Written by Alexander Hipp
Working on Beyond, so far, we've been deeply in the problem space. We started with a clear problem statement but without a particular idea or product. So, in the beginning, we spent quite a lot of time talking to potential users to understand their problems.
When is the right time to leave the problem space and move from a full-time discovery mode to execution? In theory, it should never happen completely. There should be a continuous stream of reassurance and user feedback coming in all the time. Nevertheless, I genuinely believe that it makes sense to switch to execution mode temporarily for a short time.
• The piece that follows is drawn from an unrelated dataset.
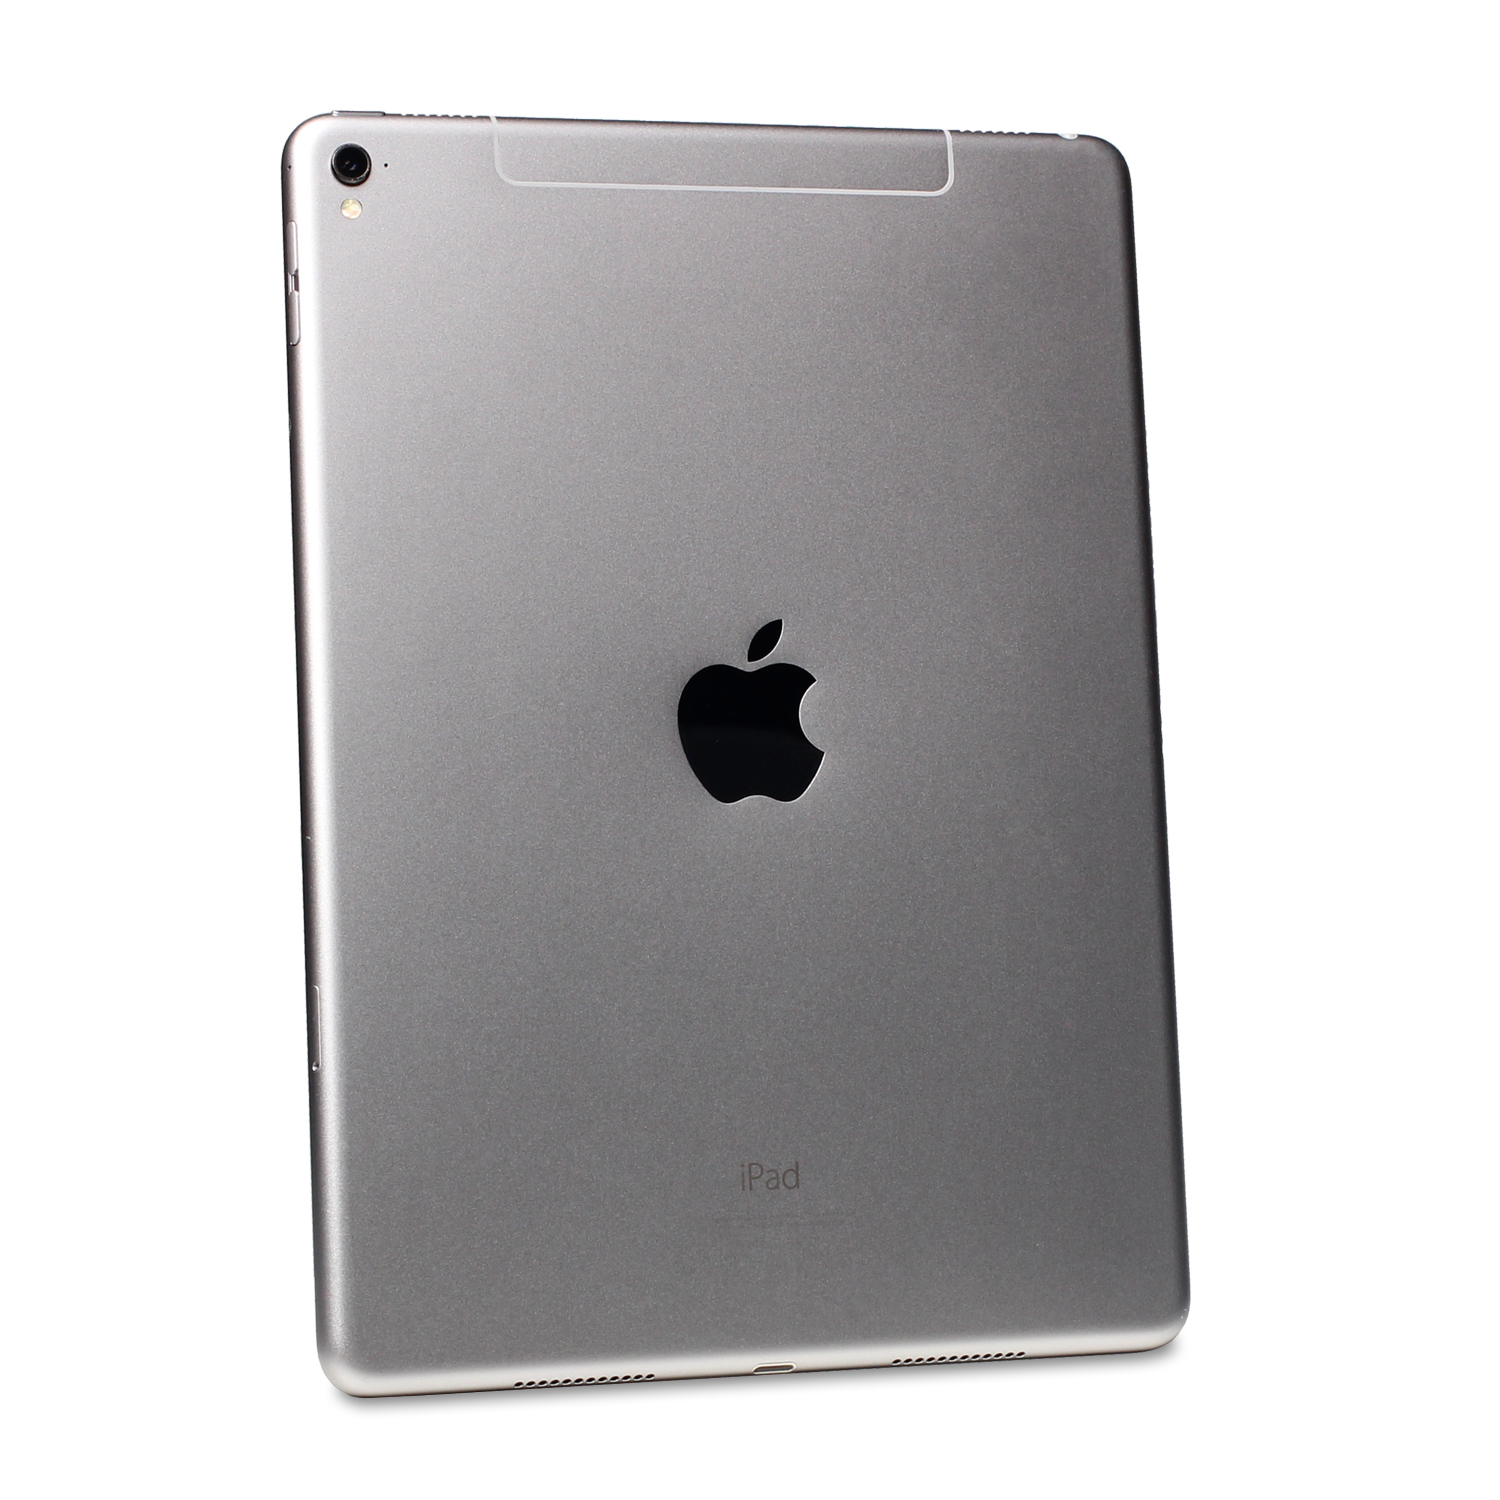 Apple, Inc. - iPad Pro 9.7-inch Wi-Fi+Cellular 128GB Space Gray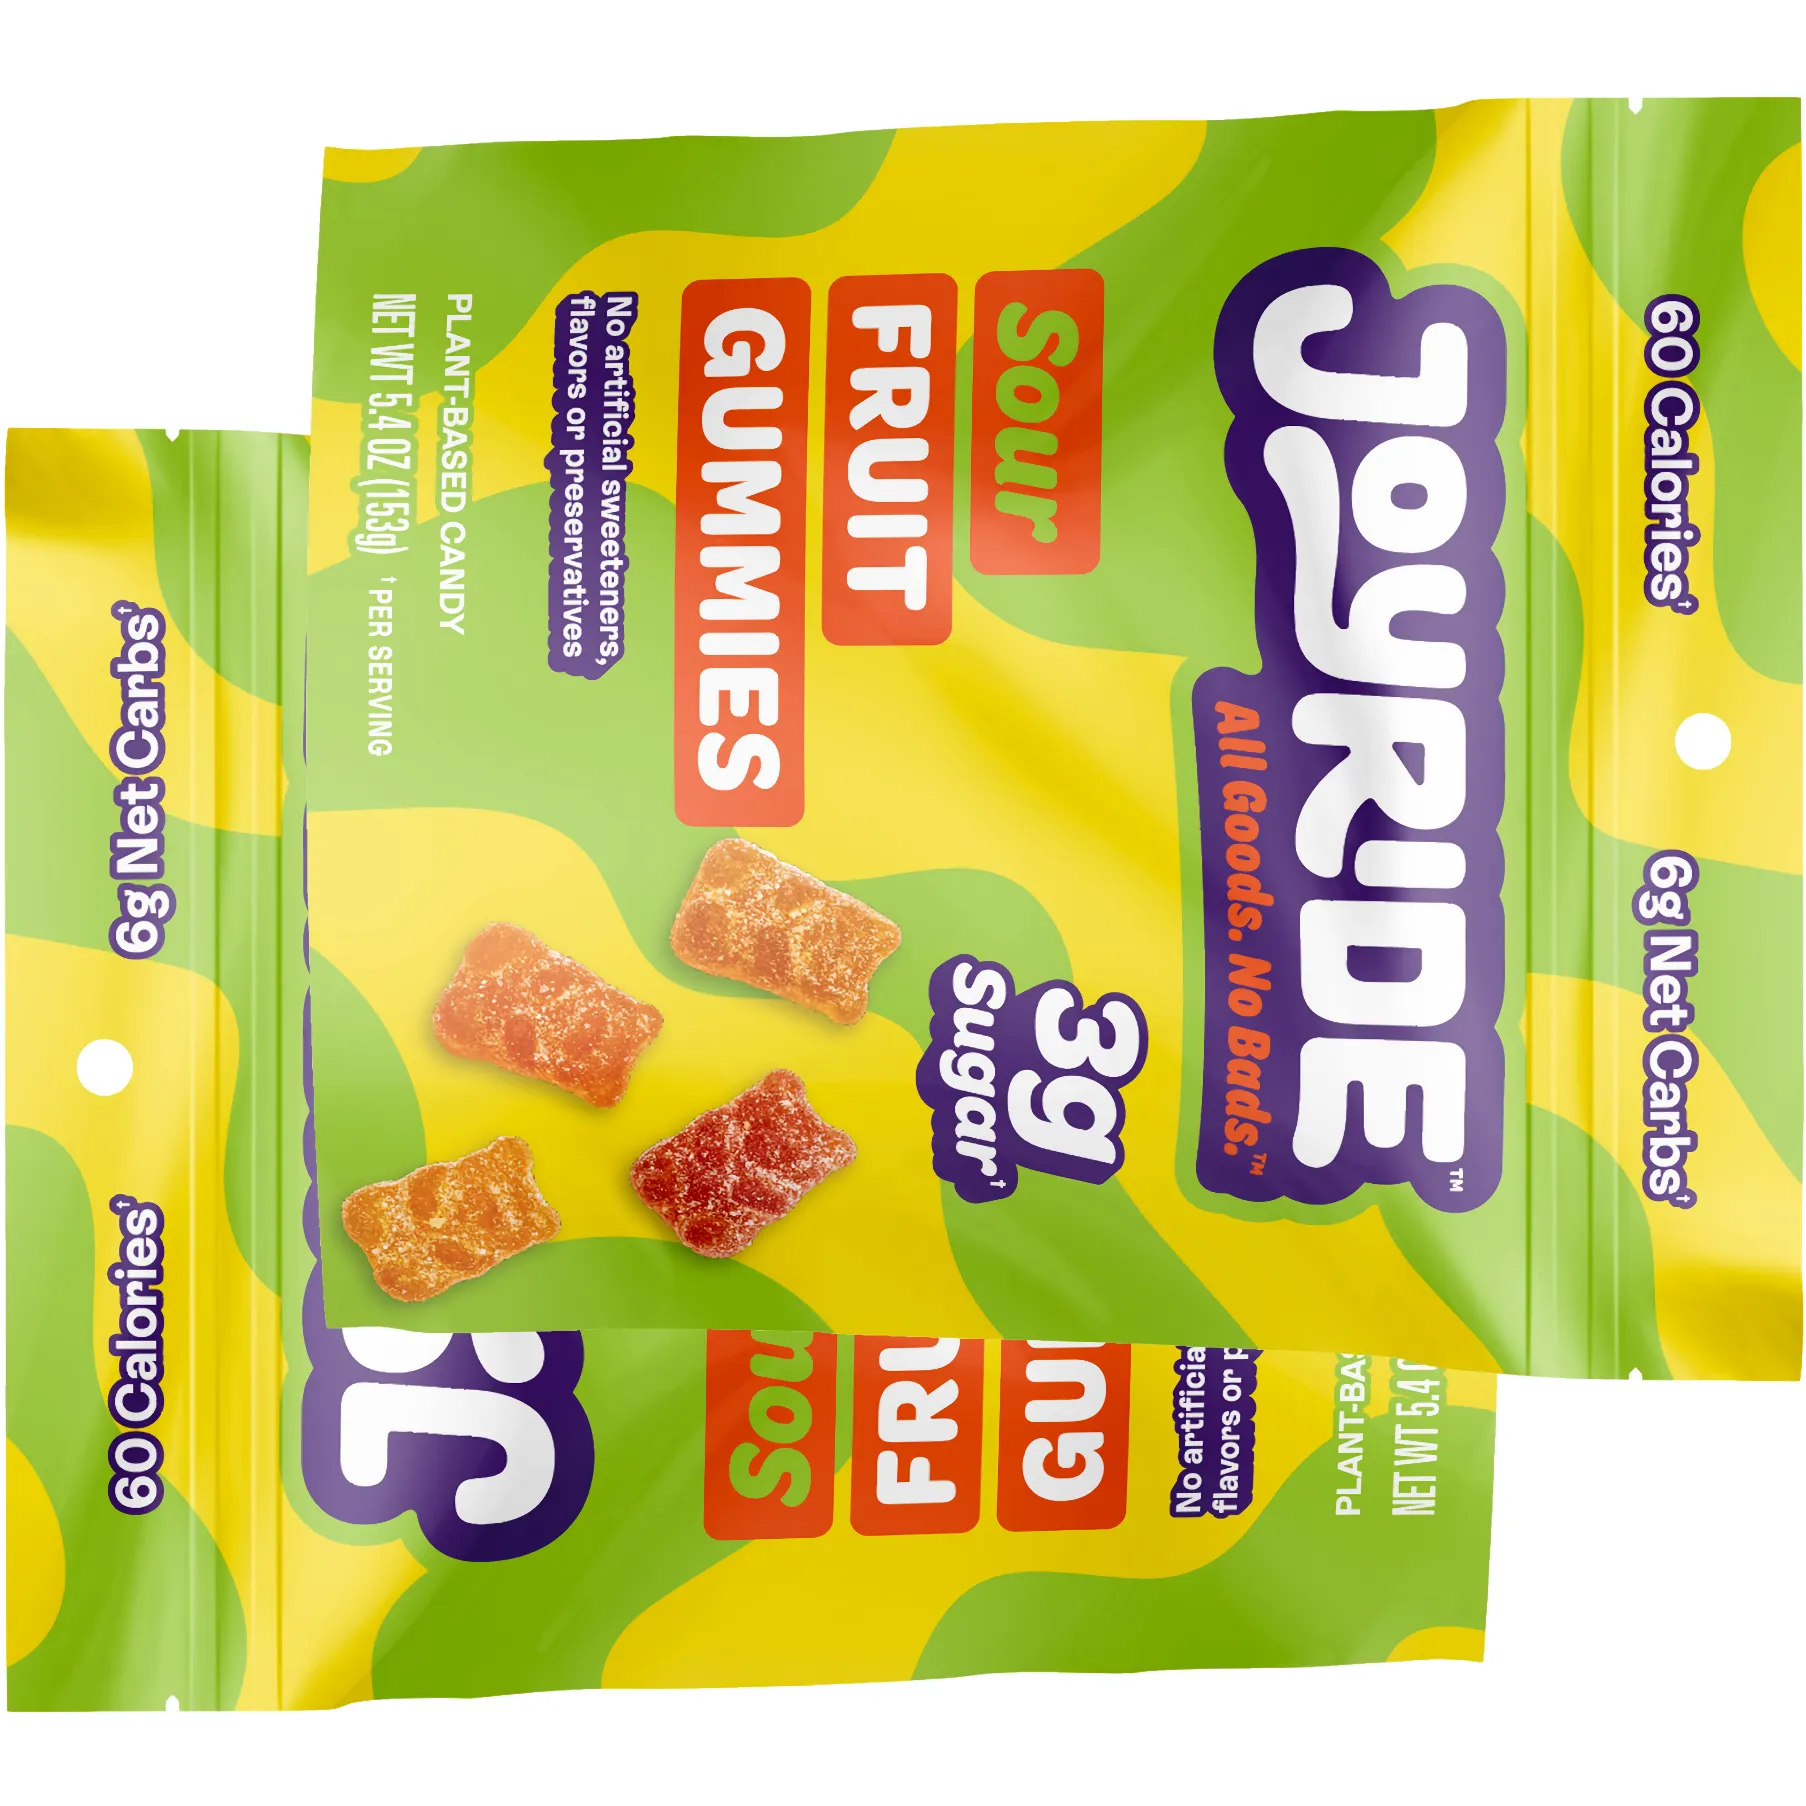 Free Joyride Zero Sugar Candy

After you have finally figured out how the product that could reach PMF needs to look and work, you can switch for a short time to execution mode. Trust your gut feeling and focus on building the smallest testable version.
When your product is live, and real people use it, feedback focuses on the product itself. Therefore, it's essential to keep in mind that the feedback might become too narrow. Too solution-oriented. Always think beyond your current live product and where it might evolve into next.
In the problem space, everything is possible, and the sky is the limit. The solution space, in contrast, looks very focused and narrow. Therefore, it's crucial to make these transitions between the two modes evident to everyone involved.
With small teams, it's essential to have this kind of transparency. Declaring execution mode for a few days to ship the next iteration to learn something and therefore pause deep-dive interviews can be a real game-changer when it comes to speed and velocity.
Everyone should always focus on the most important thing, and therefore it's crucial to develop a healthy cadence between solution mode and problem space exploration. It's essential to leave the problem space, but it's even more critical to create an environment where you can easily switch back to it.